In situ tailored nickel nano-catalyst layer for internal reforming hydrocarbon fueled SOFCs

Research output: Chapter in Book/Report/Conference proceedingConference contribution

Author(s)

Jaeha Myung, Dragos Neagu, Mark Tham, John Thomas Sirr Irvine

School/Research organisations

Abstract

Conventional Ni cermet anodes suffer from carbon deposition when they are directly used with hydrocarbon fuels due to the negative effects of pyrolysis and Boudouard reactions. In this work, the use of a non-stoichiometric perovskite, La0.8Ce0.1Ni0.4Ti0.6O3, as a reforming layer in reducing atmospheres led to the surface being highly populated with homogeneously exsolved Ni nano particles.

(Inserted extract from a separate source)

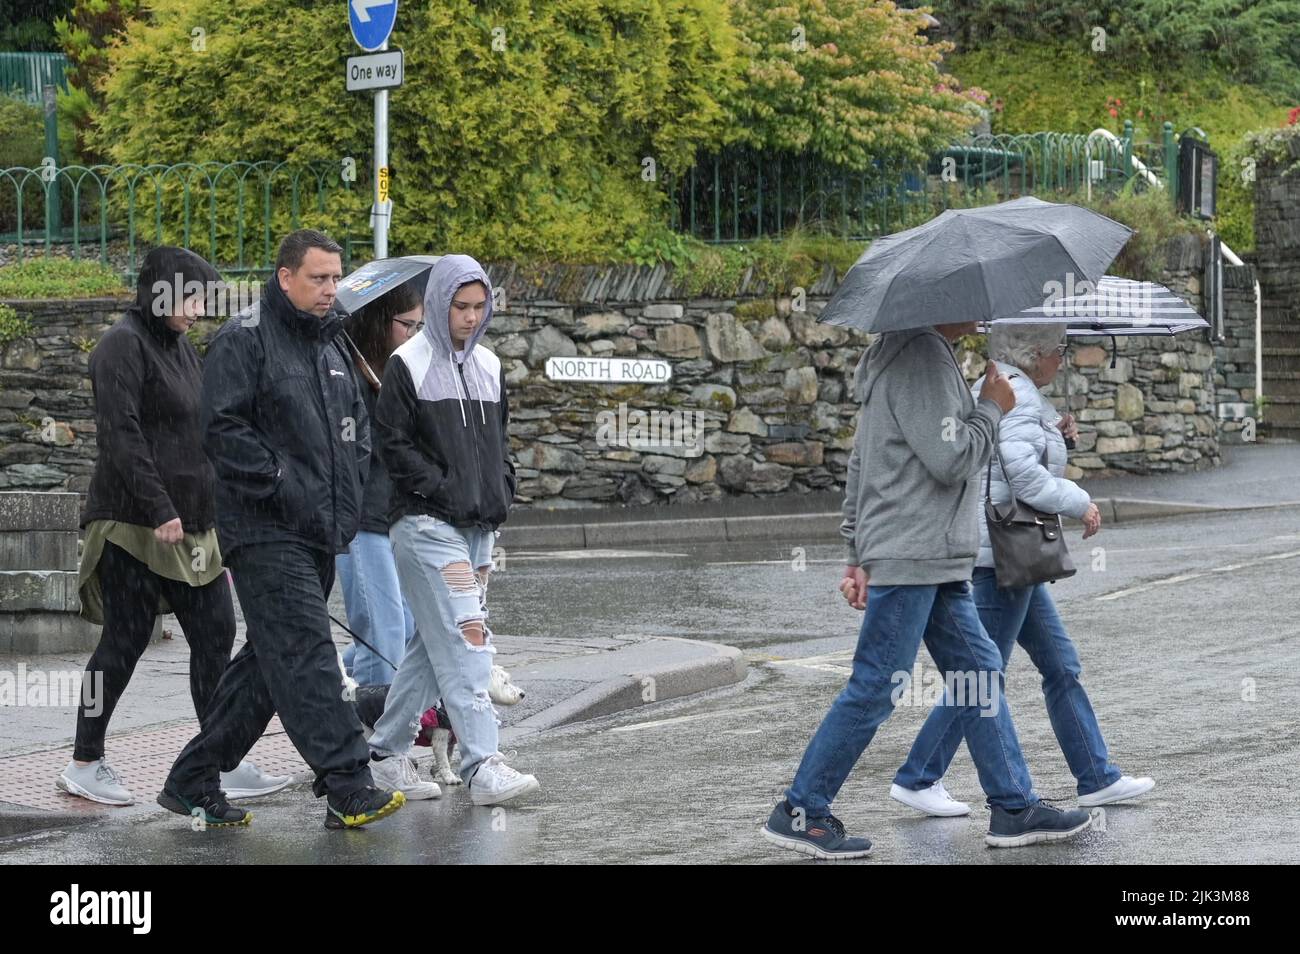 Ambleside, Cumbria, Großbritannien. Juli 30. 2022. Besucher von Ambleside, Cumbria, werden unter Regenschirmen geschützt, während schwere Regengüsse die Region treffen. Trotz des Regens, der für Gärtner eine willkommene Erleichterung darstellt, hangen die Temperaturen an dem, was als „trockenster Juli seit 1911“ bezeichnet wurde, immer noch um die 18 Grad celsius. Bild von: Michael Scott / Alamy Live News Stockfoto

This catalyst layer was applied to Ni-GDC anode supported and ScSZ electrolyte supported cells to prevent carbon deposition and to stabilize operation with dry methane. The catalyst layer showed both excellent attachment to the Ni-GDC anode and resistance to carbon deposition. The performance of the Ni-GDC anode-supported cells with the catalyst layer was about 1.1 W/cm2 in hydrogen fuel which is similar to that seen without the use of a catalyst layer. For the ScSZ electrolyte supported cells, the catalyst layer improved the power density and stability when in operation with dry methane.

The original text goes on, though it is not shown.